# Rabbit in a two by four



## Adam Fausch (Apr 25, 2015)

I am using a battery circular saw to put some rabbits in 2x4. How would anyone else do it? Doesn't seem like a bad way just wondering if there is a better way.


----------



## Johnturner (Apr 25, 2015)

Router??


----------



## Sprung (Apr 25, 2015)

Router or table saw.


----------



## Tony (Apr 25, 2015)

Clamp boards to the side of the 2x to give you a more stable piece to work with. Tony

Reactions: Like 1


----------



## woodtickgreg (Apr 26, 2015)

Like the others have said above, A table saw with a dado blade would probably be my first choice. Second would be a router with a board clamped to it as a guide. Hand tools would be a router plane.


----------



## Kevin (Apr 26, 2015)

Depends on how long of a rabbet you're cutting. If down the length of the material I'd use a dado in the TS. If just across the end I'd use a handheld router and guide.


----------



## Adam Fausch (Apr 26, 2015)

Thanks for the input. Here is what I'm doing its along the end. Eventually will put chicken wire on it.


----------



## Kevin (Apr 26, 2015)

For that task if you don't have a dado or router you can make numerous cuts with your saw kerf and clean them out with a chisel.

Reactions: Like 1


----------



## Adam Fausch (May 24, 2015)

Pretty much done. Need to add a latch to the door. Plus I guess I need to fix the base.

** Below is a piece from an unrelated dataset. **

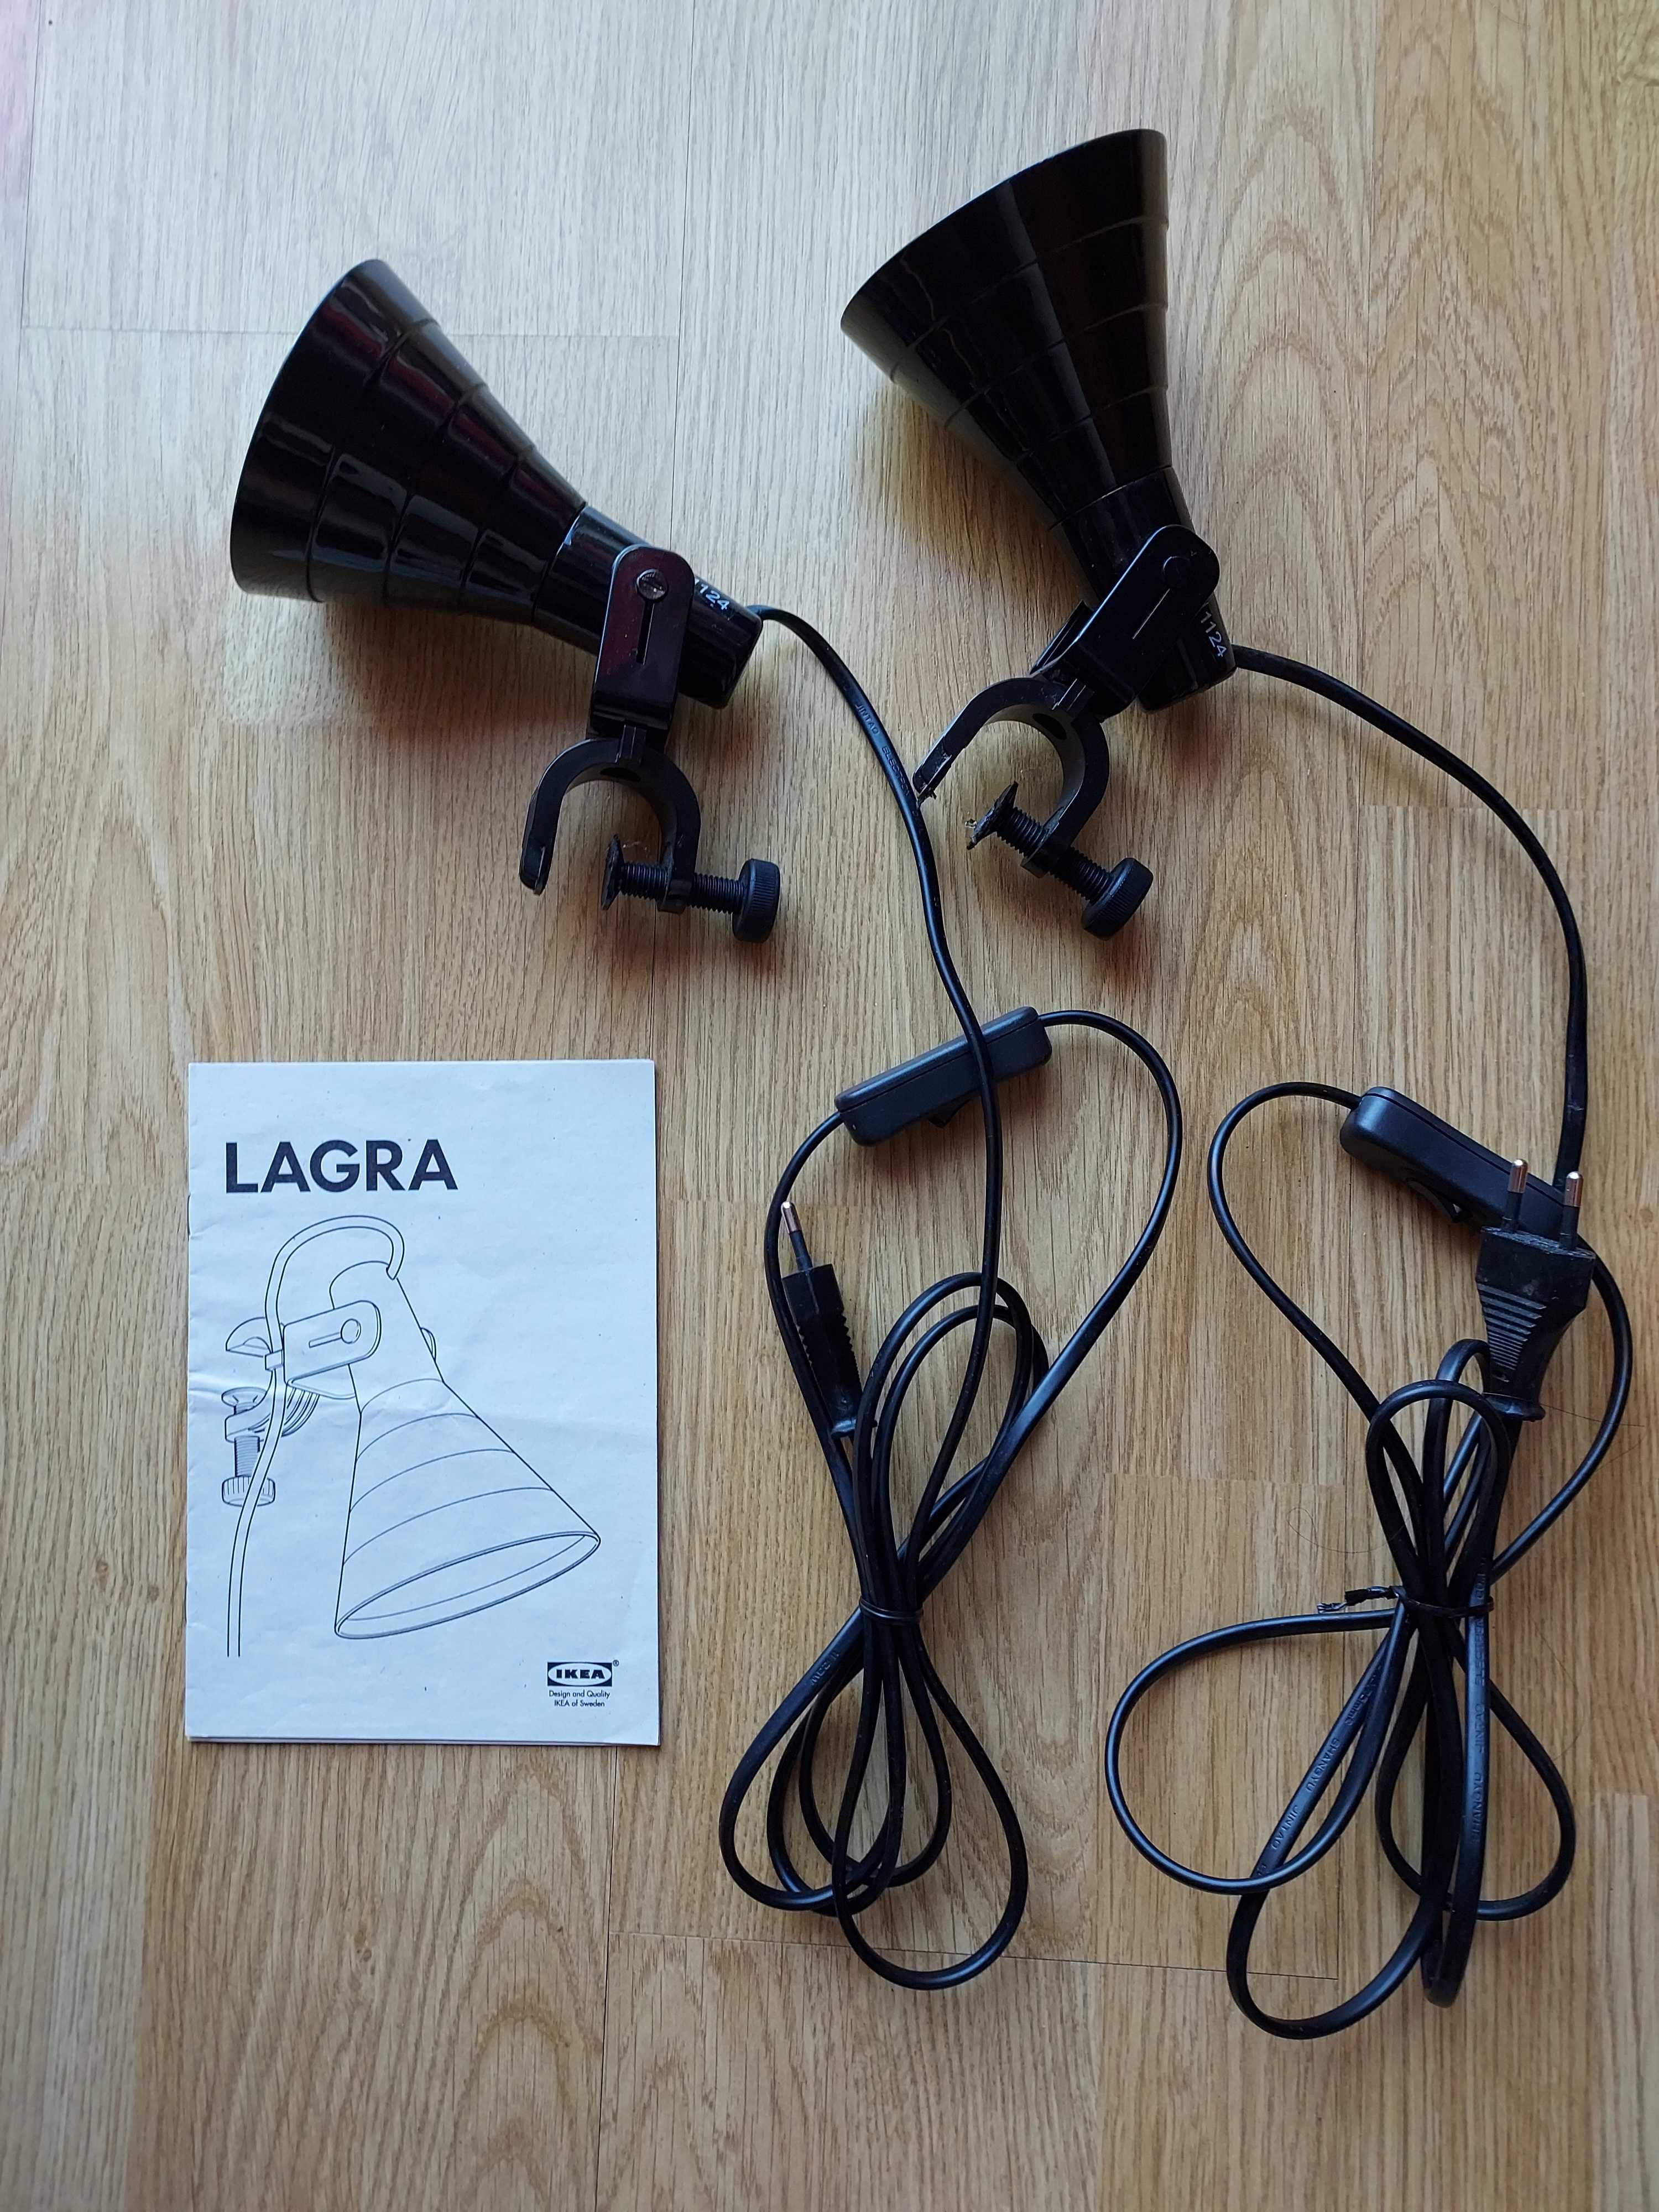 Holofote/Candeeiro Lagra Ikea

It is about 15 years old.

Reactions: Like 5


----------



## barry richardson (May 24, 2015)

Many ways to skin that cat, depends on the equipment you have. Don't look like your doing fine furniture, so if you have a sliding miter saw, adjust the blade height to the depth of cut you want, then make as any passes as required...


----------



## Adam Fausch (May 25, 2015)

Thanks I used a circular hand saw and chisel to make them. Maybe not the prettiest thing but it keeps the deer and bunnies out.


----------